[PYTHON] Extract redirects from Wikipedia dumps

I will leave it as a personal memorandum. I would like to write it as concisely as possible so that I can get the file quickly.


Collect Wikipedia redirects and create a file like the one below.

 {"src": "COVID-19", "dst": "New Coronavirus Infection_ (2019)"}
 {"src": "COVID-2019", "dst": "Coronavirus disease _ (2019)"}
 {"src": "Covid-19", "dst": "New Coronavirus Infection_ (2019)"}
 {"src": "Covid-2019", "dst": "Coronavirus disease _ (2019)"}
 {"src": "New Coronavirus Infection", "dst": "New Coronavirus Infection_ (2019)"}
 {"src": "Covid 19", "dst": "New Coronavirus Infection_ (2019)"}
 {"src": "COVID19", "dst": "Coronavirus disease _ (2019)"}
 {"src": "2019 New Coronavirus Infection", "dst": "New Coronavirus Infection_ (2019)"}

What is a redirect?

See below [Wikipedia: Redirect](https://ja.wikipedia.org/wiki/Wikipedia: Redirect)

Redirect example

When I try to access https://ja.wikipedia.org/wiki/COVID-19, You will be automatically skipped to https://ja.wikipedia.org/wiki/New Coronavirus Infection_ (2019).

Implementation etc.

0. Various things you need

1. Restore Wikidump

Download required data

Please download the necessary data from the following.

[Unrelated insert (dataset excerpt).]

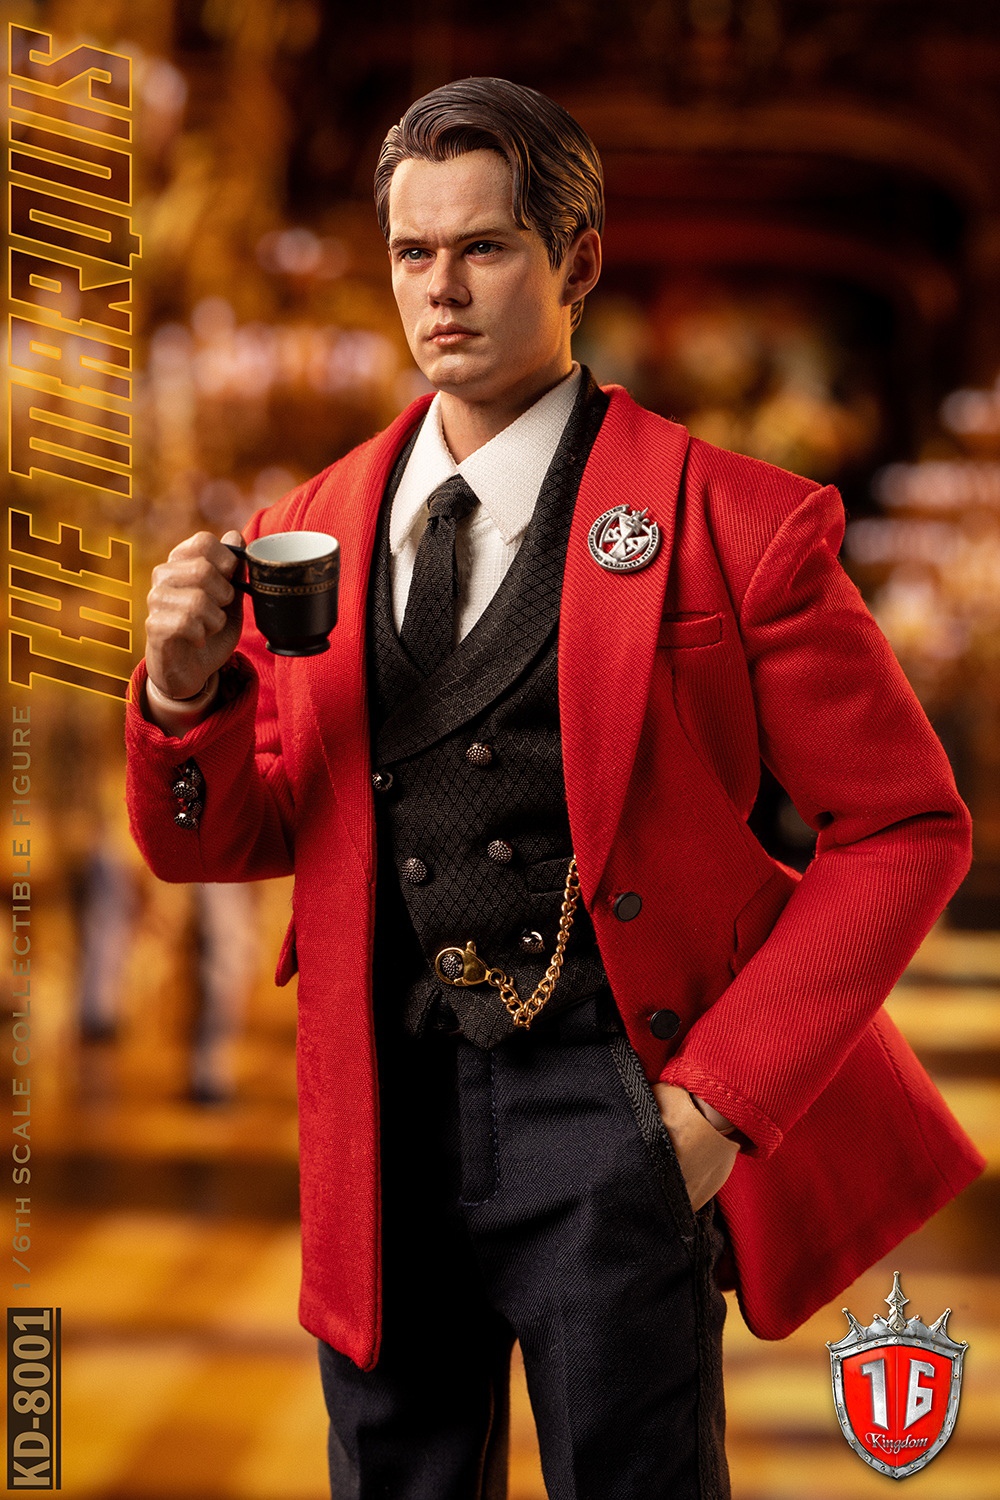 Kingdom - NEW PRODUCT: Kingdom: 1/6 The Marquis Action Figure KD-8001 11401010

--jawiki-[dump acquisition date]-redirect.sql.gz --jawiki-[dump acquisition date]-page.sql.gz


 $ gunzip jawiki-[dump acquisition date]-redirect.sql.gz
 $ gunzip jawiki-[dump acquisition date]-page.sql.gz

Restore to MySQL database

 $ mysql -u [user name] -p [DB name] <jawiki-[dump acquisition date] -page.sql
 $ mysql -u [user name] -p [DB name] <jawiki-[dump acquisition date] -redirect.sql

2. Redirect extraction

Python code

Code that hits the database to extract redirects and saves them in JSON.

import json
import MySQLdb

 USERNAME = "[MySQL user name]"
 PASSWORD = "[password]"
 DB_NAME = "[DB name]"
OUTPUT = "./redirects.json"

def save_jsonl(file_path, data):
    json_dumps = lambda d:json.dumps(d, ensure_ascii=False)
    dumps = map(json_dumps, data)
    with open(file_path, "w") as f:

if __name__ == '__main__':
 #Connect to database
    conn = MySQLdb.connect(

 #Create Cursor and execute query
    cur = conn.cursor(MySQLdb.cursors.DictCursor)
    sql = "select page.page_title, redirect.rd_title from page, redirect where redirect.rd_from=page.page_id"
    rows = cur.fetchall()

 # Organize execution results
    redirects = []
    for row in rows:
        row = {key:cell.decode() if type(cell) is bytes else cell for key, cell in row.items()}

    save_jsonl(OUTPUT, redirects)



python extract_redirects.py

that's all!

α. Light commentary, etc.

In jawiki-[dump acquisition date]-redirect.sql.gz, the redirect source page_id and the redirect destination title are linked by a record. In jawiki-[dump acquisition date]-page.sql.gz, page_id and title are linked by a record.

By combining these two dumps, the redirect source title and the redirect destination title are linked.